Do we need a Cohasset Dog Park? Lots of questions for Cohasset Water

Cohasset has so many places to walk dogs off-leash that this writer was surprised to learn of the Cohasset selectmen’s active investigation into creating a dog park – normally something you find in a city. Cohasset has hundreds of acres of passive recreation land that is owned by the town, the state, Trustees of Reservations and the Cohasset Conservation Trust. Many of these properties have trail systems that do not restrict dog walking.
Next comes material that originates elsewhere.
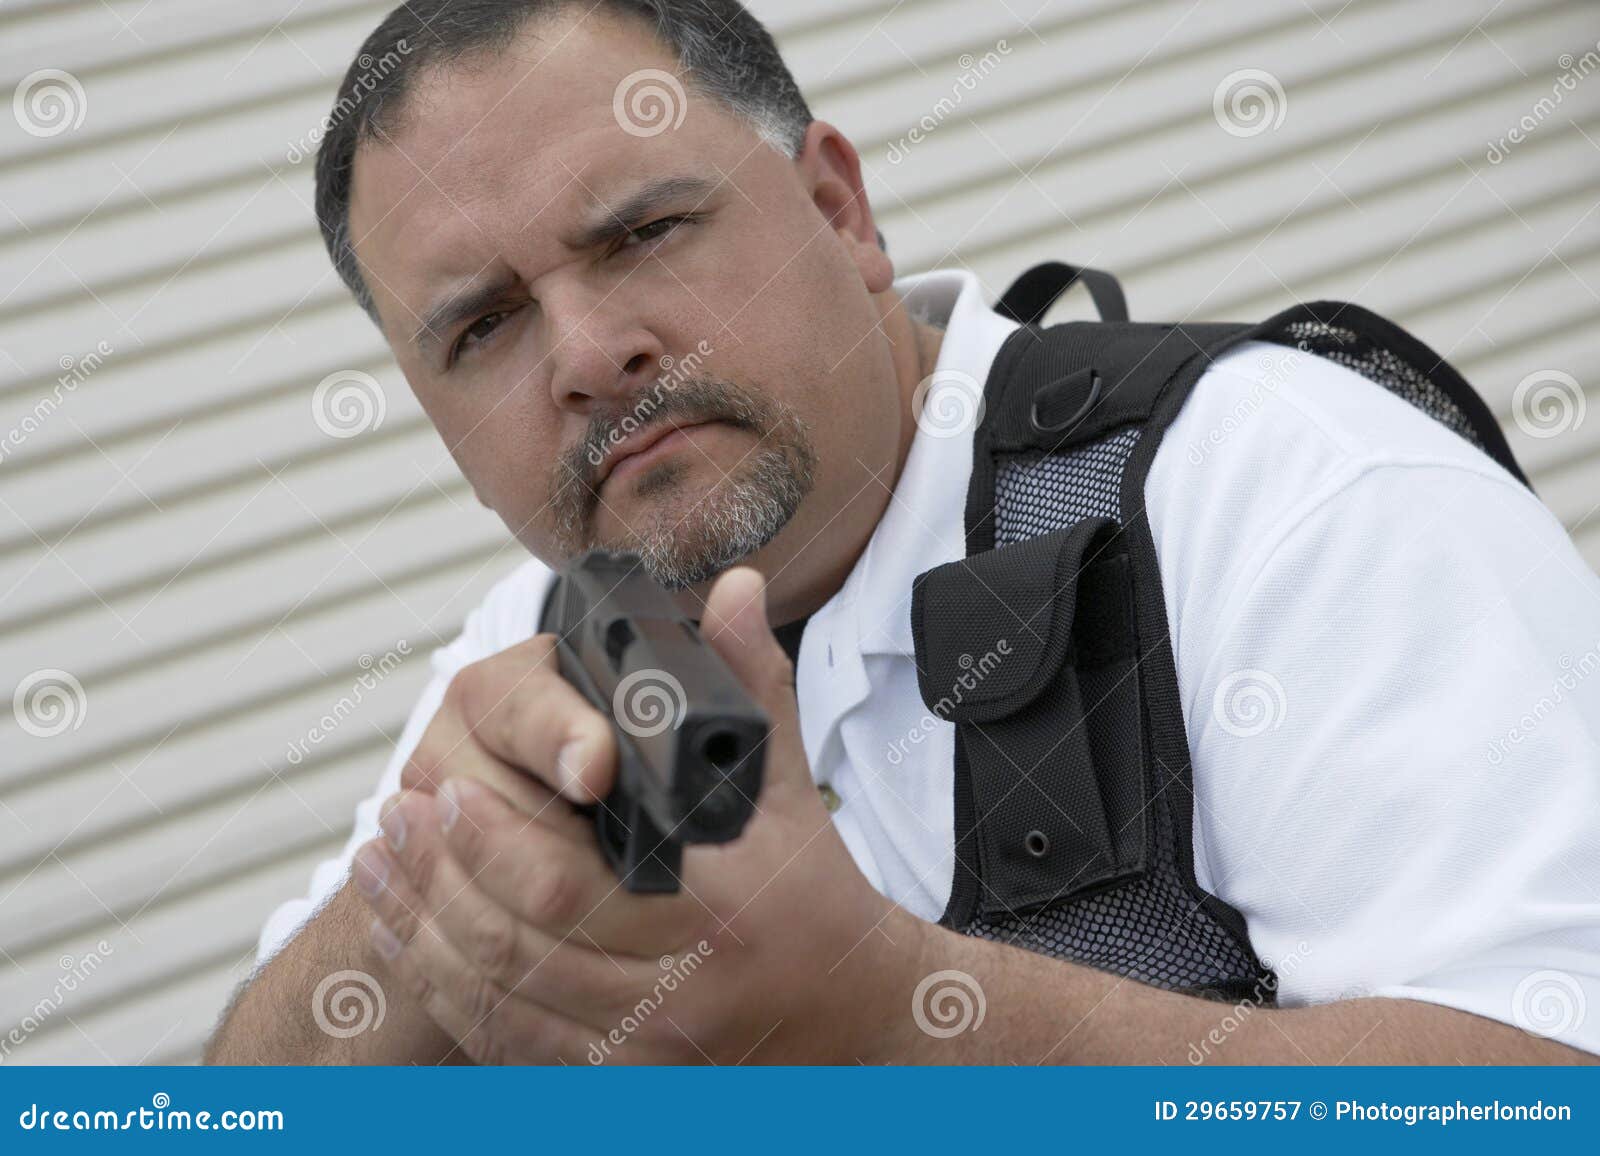 security guard in bulletproof vest holding gun

When this issue was first discussed by selectmen months ago Selectman Karen Quigley recited a long list of near-by places where dogs could walk off-leash in Cohasset, Hingham and Scituate. Her fellow selectmen seemed not to be interested.
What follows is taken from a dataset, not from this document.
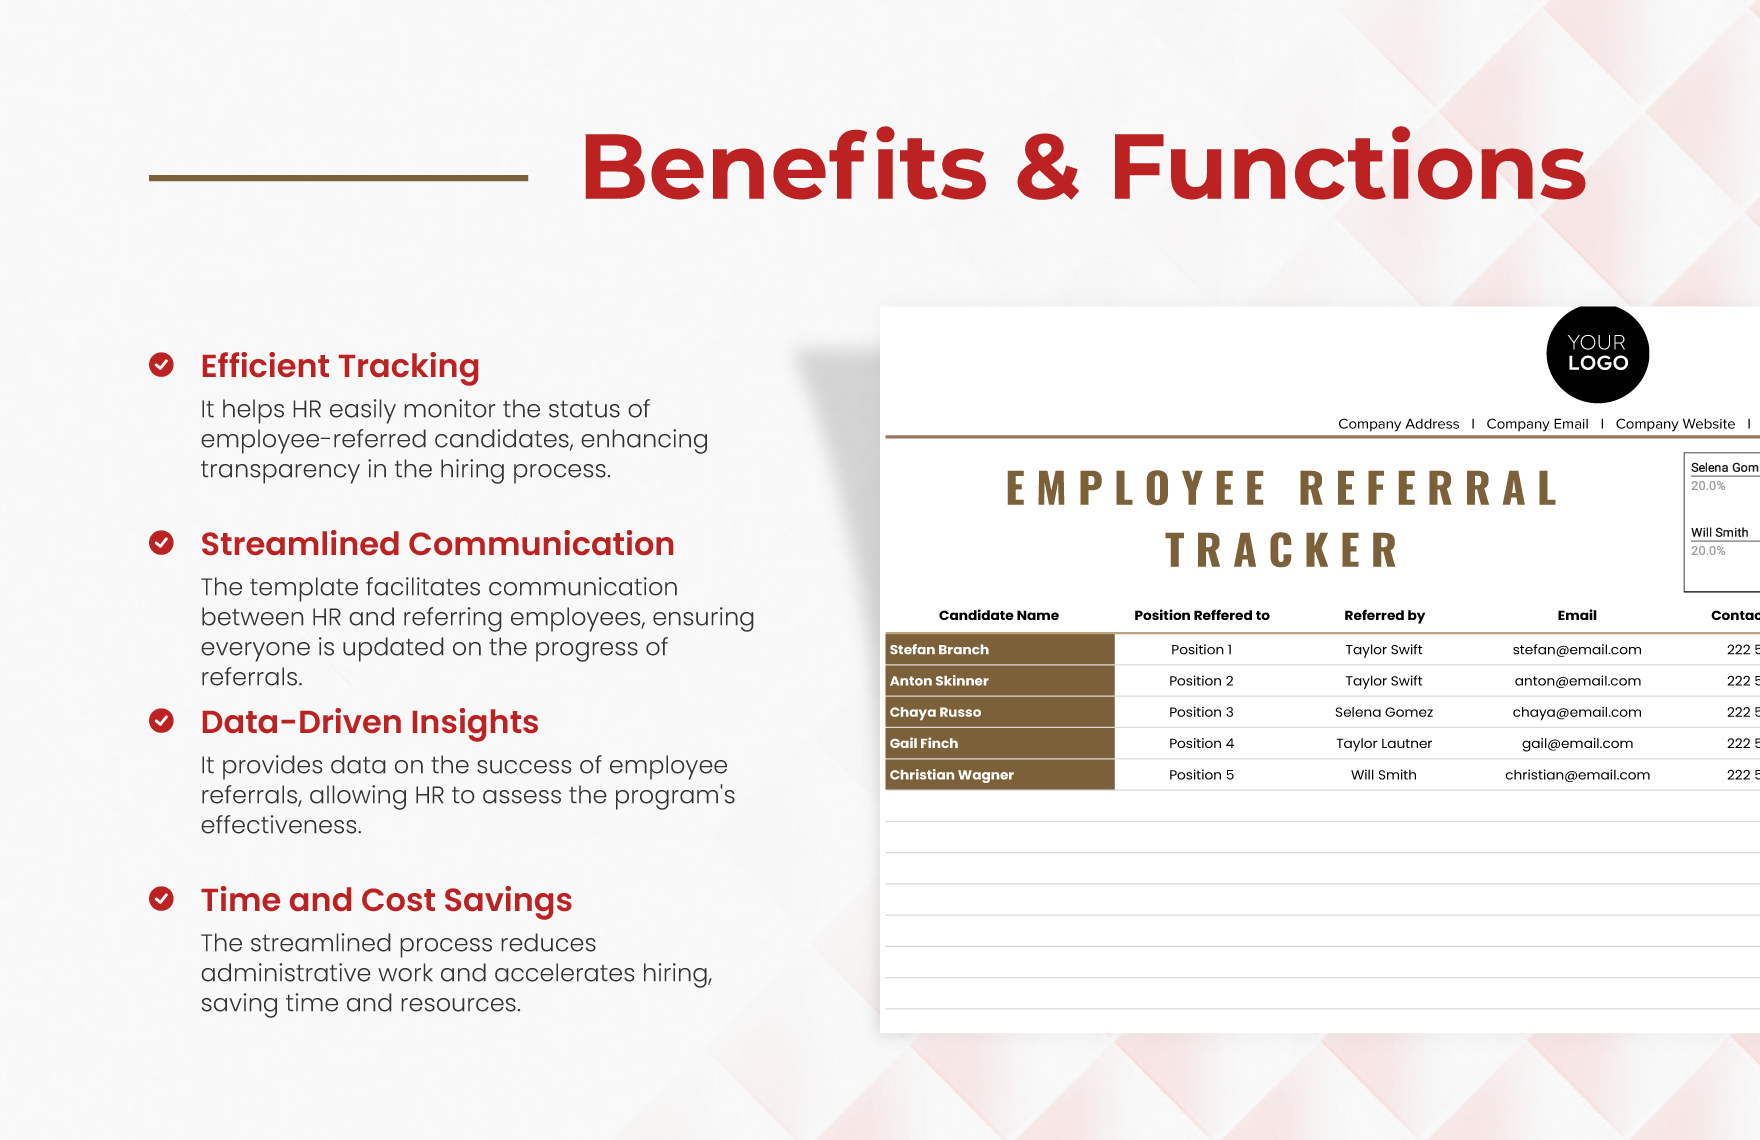 Employee Referral Tracker HR Template

Before well-meaning selectmen go much further, it might be good for the town (I think there are approximately 800 registered dogs in Cohasset) do a needs study regarding this issue.

My sister was pleased when a dog park was created in Lancaster, Pa. Her dog loves the park; it’s where he meets and greets other dogs. BUT, she laments, “Wiley would much rather be walking in the woods in Cohasset with Rocky, Buddy and Lucky where he can chase squirrels and run like the dickens.”

When I visited my sister last summer, I noticed that not much happened in the Lancaster dog park. Humans sat on their fat butts on benches and dogs mostly stood around. There were some sprinklers, but dogs did not seem to understand them. To cool off, dogs like to stand in water, not be sprinkled by it. There was no standing water. It is interesting that Purina designed the dog park in Lancaster.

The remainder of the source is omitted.